Other particular laws for the periodLength function are:

  • For Day. for all p. periodLength p == 1
  • For Months. for all p. periodLength p >= 28
  • For Quarters. for all p. periodLength p >= 90
  • For Years. for all p. periodLength p >= 365

Another particular law for the periodAllDays function is:

  • For all p. (periodAllDay p) ∈ p

The last two sets of laws will be specially usefull later when talking about property testing, so keep these in mind.

After the DayPeriod type class was defined all that is missing is to create the instances of the type class for the different data types: Year, Quarter, Month and Day itself, so here is the code:

instance DayPeriod Year where
   periodFirstDay y = YearMonthDay y January 1
   periodLastDay y = YearMonthDay y December 31
   dayPeriod (YearMonthDay y _ _) = y

The YearMonthDay pattern is being used again to define that January 1st and December 31st are the the first and last days of a year, respectively. Also it's possible to know the year that a day is in with the dayPeriod function.
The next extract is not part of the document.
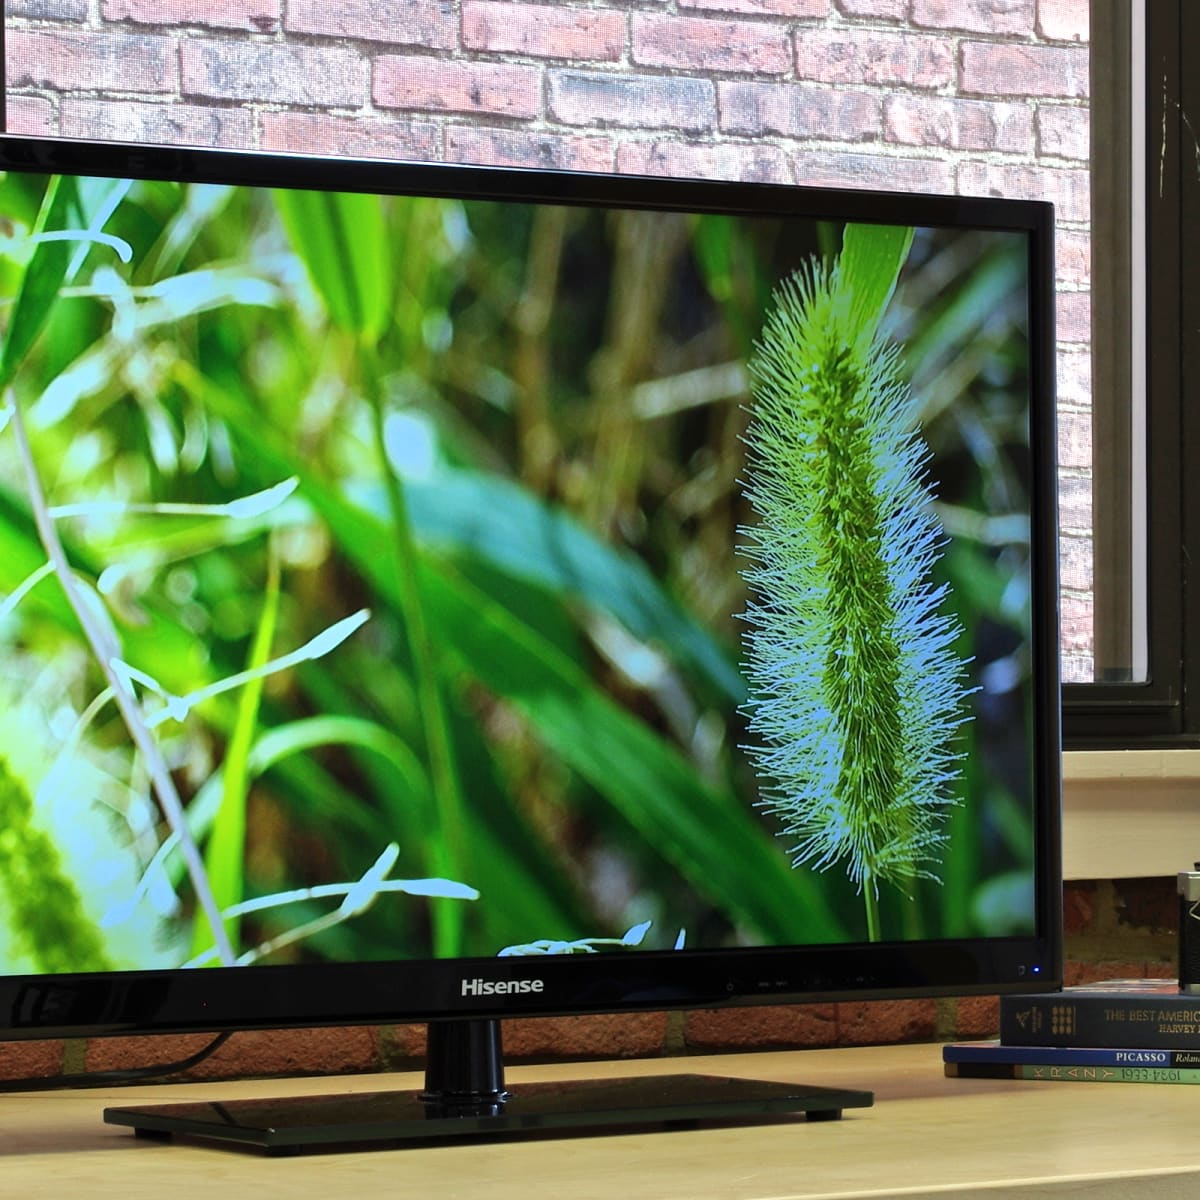 Hisense 32H3 LED TV Review - Reviewed Televisions

Now, let’s check the Quarter instance:

instance DayPeriod Quarter where
   periodFirstDay (YearQuarter y q) =
       case q of
           Q1 -> periodFirstDay $ YearMonth y January
           Q2 -> periodFirstDay $ YearMonth y April
           Q3 -> periodFirstDay $ YearMonth y July
           Q4 -> periodFirstDay $ YearMonth y October
   periodLastDay (YearQuarter y q) =
       case q of
           Q1 -> periodLastDay $ YearMonth y March
           Q2 -> periodLastDay $ YearMonth y June
           Q3 -> periodLastDay $ YearMonth y September
           Q4 -> periodLastDay $ YearMonth y Dec

This instance is defined in terms of the periodFirstDay and periodLastDay of a Month and it uses (once again) a pattern named YearMonth.

Let’s move over to the Month instance of DayPeriod:

instance DayPeriod Month where
   periodFirstDay (YearMonth y m) = YearMonthDay y m 1
   periodLastDay (YearMonth y m) = YearMonthDay y m 31 -- clips to correct day
   dayPeriod (YearMonthDay y my _) = YearMonth y my

Apparently patterns are everywhere, and why not? They are pretty useful.

And last but not least, let's review the Day instance of DayPeriod:

instance DayPeriod Day where
   periodFirstDay = id
   periodLastDay = id
   dayPeriod = id

As you could imagine, the first and last day of a day is the day itself and the period is also the same day.

Examples of some new time features

So let's see what these new features that were introduced in the contribution offers. This section will present some concrete code samples of how these new features can help you in your daily software development routine. After making the proper imports it's possible to have something like this.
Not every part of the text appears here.